Tuesday, May 9, 2017

A Trio of Bathroom Cases: One on No. 2 and Two on No. 1

This post discusses three cases in which the failure to provide adequate bathroom facilities resulted in a potential EEO violation. The first case, involving number two, is a claim under the Americans with Disabilities Act, and other two cases, involving number one, are sex discrimination claims under Title VII of the Civil Rights Act of 1964.
In Strand v. Charles Mix County, No. 16-4037 (D.S.D. May 5, 2017), Tracy Strand, a road construction worker, underwent surgery to treat colon cancer, which resulted in frequent bowel movements. Strand alleged that, to accommodate his disability, he requested that his employer either allow him to drive to an indoor toilet or provide porta-potties. Instead, he alleged, he was told to "go behind a tree, go into a field or behind a tire." Although the employer alleged that it fired Strand for performance reasons, the court held that there was enough evidence for a jury to conclude that he was fired because of his disability -- essentially because the employer wanted to avoid having to accommodate his disability.

In DeClue v. Central Illinois Light Co., 223 F.3d 434 (7th Cir. 2000), Audrey Jo DeClue worked as a lineman for a power company. Because linemen performed their work far away from public bathrooms and because the linemen's trucks did not have bathroom facilities, linemen were required to pee out in the open. DeClue alleged that the defendant's failure to respond to requests for adequate bathroom facilities was a form of sexual harassment that created a hostile work environment.

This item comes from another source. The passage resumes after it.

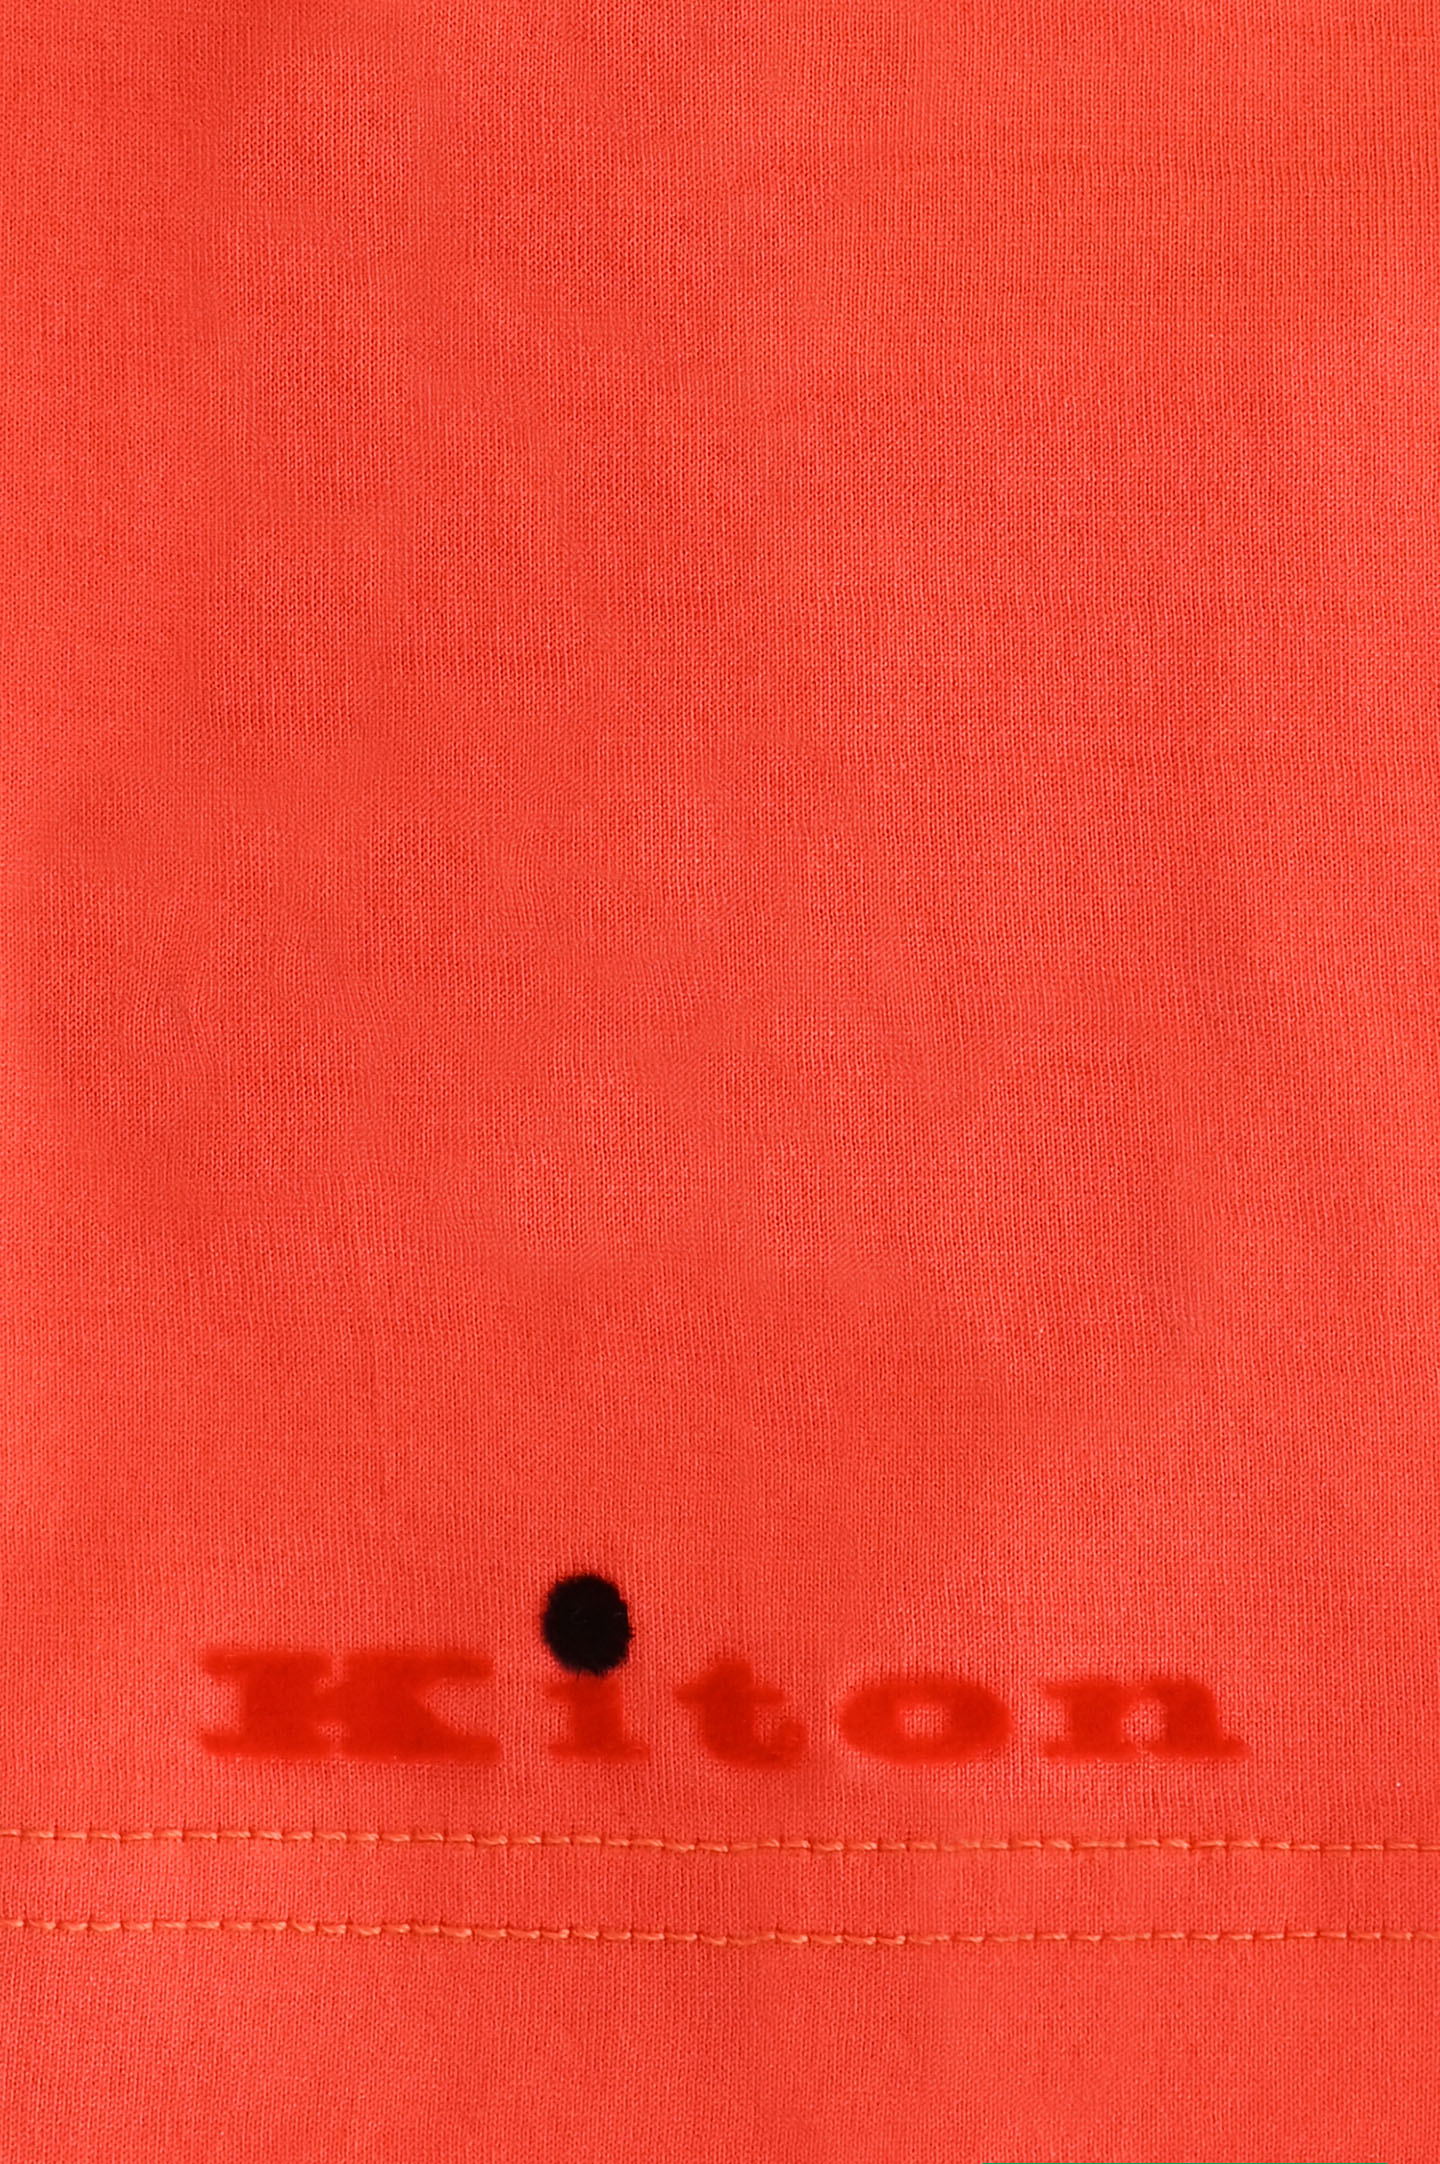 Хлопковая футболка KITON UMK1165K22, цвет: Красный, Мужской

In a 2-1 decision by Judge Richard Posner, the court disagreed. The court acknowledged that an employer might violate Title VII by failing to provide bathroom facilities: 
[I]nsofar as the absence of restroom facilities deters women ... but not men from seeking or holding a particular type of job, and insofar as those facilities can be made available to the employees without undue burden to the employer, the absence may violate Title VII. 
[However,] the plaintiff has insisted on litigating her case as a hostile-work-environment case throughout. But it is not. Sexual harassment is the form of sex discrimination in the terms or conditions of employment that consists of efforts either by coworkers or supervisors to make the workplace intolerable or at least severely and discriminatorily uncongenial to women ("hostile work environment" harassment), and also to efforts (normally by supervisors) to extract sexual favors by threats or promises ("quid pro quo" harassment).
In dissent, Judge Ilana Rovner (the only woman on the panel) observed that "[d]iscrimination in the real world many times does not fit neatly into the legal models we have constructed." In Rovner's view, the defendant's failure to address the absence of bathroom facilities "could be viewed as a negligent response that subjects it to liability for a hostile work environment."

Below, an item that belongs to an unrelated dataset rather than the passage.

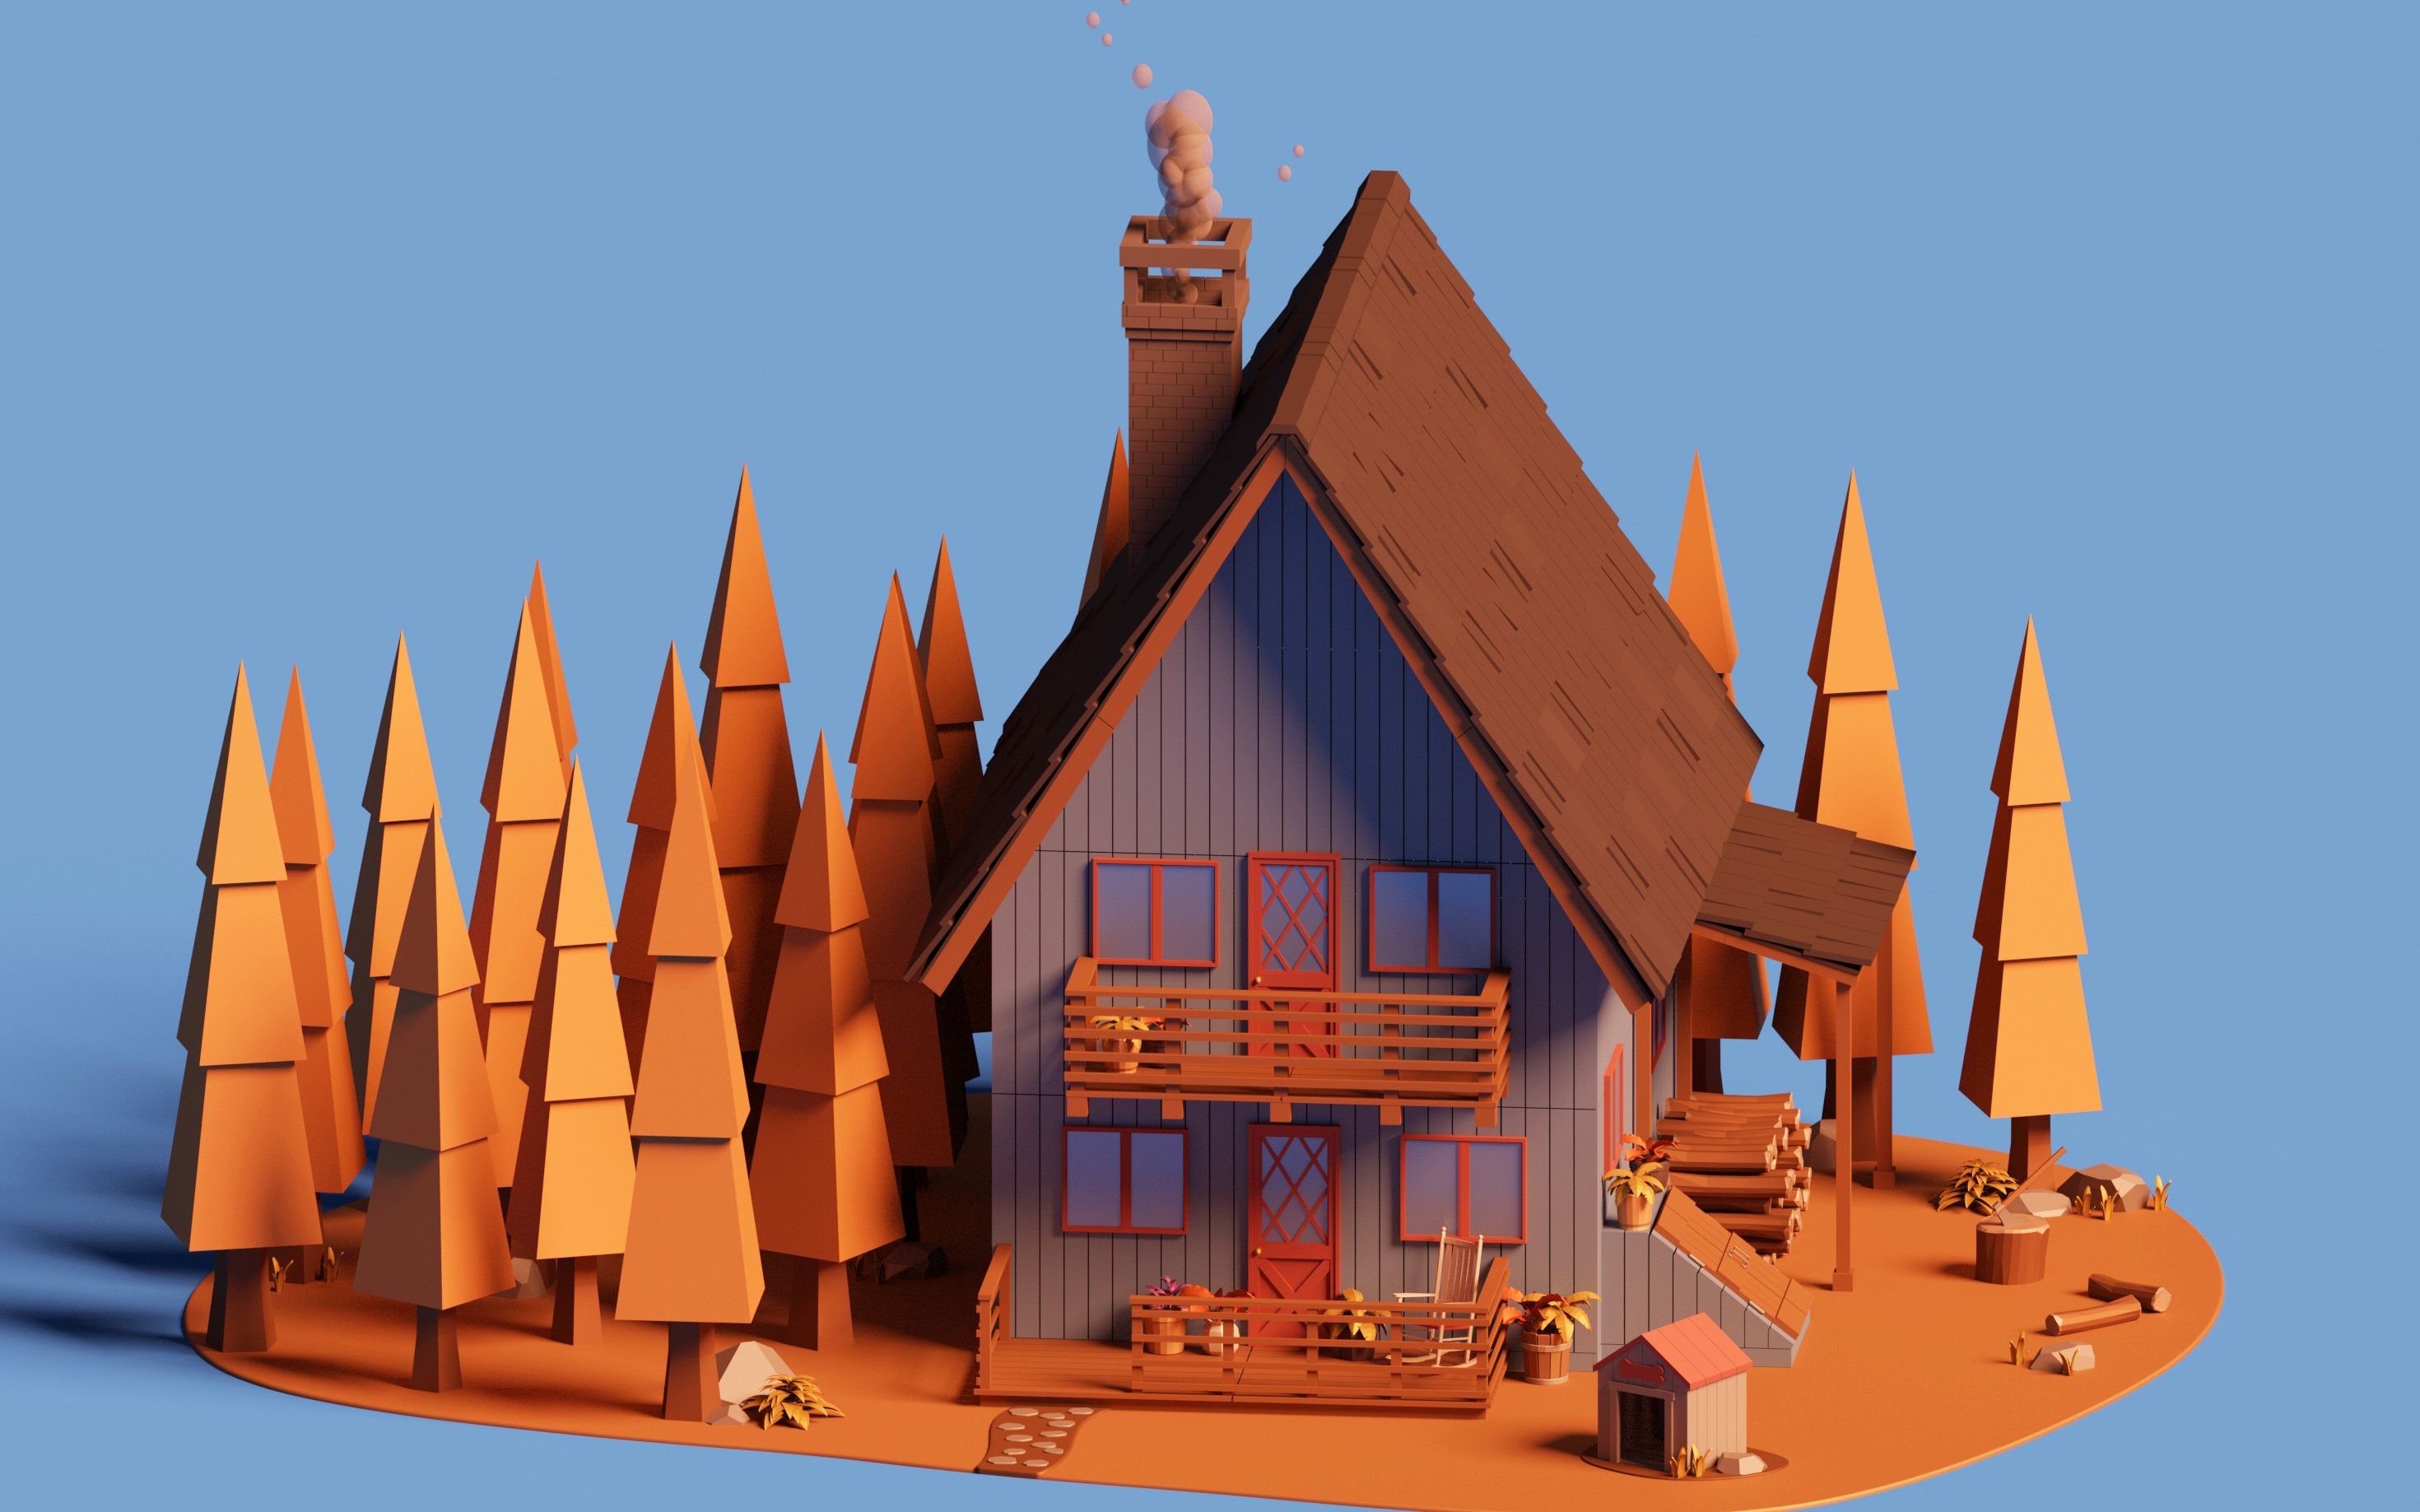 3dmax简单房子模型制作图片

In Johnson v. AK Steel Corp., No. 1:07-cv-291 (S.D. Ohio May 22, 2008), Cassandra Johnson alleged that she was subjected to sex discrimination because the defendant did not allow crane operators to take breaks during their 12-hour shifts, and if they needed to pee, they had to do so off the side of the crane. (This policy still has me scratching my head.) In contrast to DeClue, Johnson alleged that the challenged policy had an unlawful disparate impact. The court agreed:
[G]iven the obvious anatomical and biological differences between men and women and the unique hygienic needs of women, including those during menstrual cycles, the Court concludes that the practice of requiring women to urinate off the side of a crane in lieu of restroom breaks, if true, would have a significant discriminatory impact on women.

Plaintiff has presented sufficient evidence to establish a prima facie case of disparate impact. Since defendants have not demonstrated a business necessity for the practice in question, defendants' motion for summary judgment on plaintiff's claim of disparate impact must be denied.
Looking at these three cases, there are a few things to note. First, male employees probably can't allege sex discrimination in the failure to provide bathroom facilities unless the employer provides women with better facilities. As Judge Rovner observed, men tend not to be shy about peeing outdoors because they "need only unzip and take aim." Second, the failure to provide bathroom facilities for pooping isn't going to result in sex discrimination since men and women are pretty much the same when it comes to that particular bodily function.  Thus, in the case of Tracy Strand, he did not have a claim of sex discrimination, but he did have a claim of disability discrimination.

This blog reflects the views solely of its author. It is not intended, and should not be regarded, as legal advice on how to analyze any particular set of facts.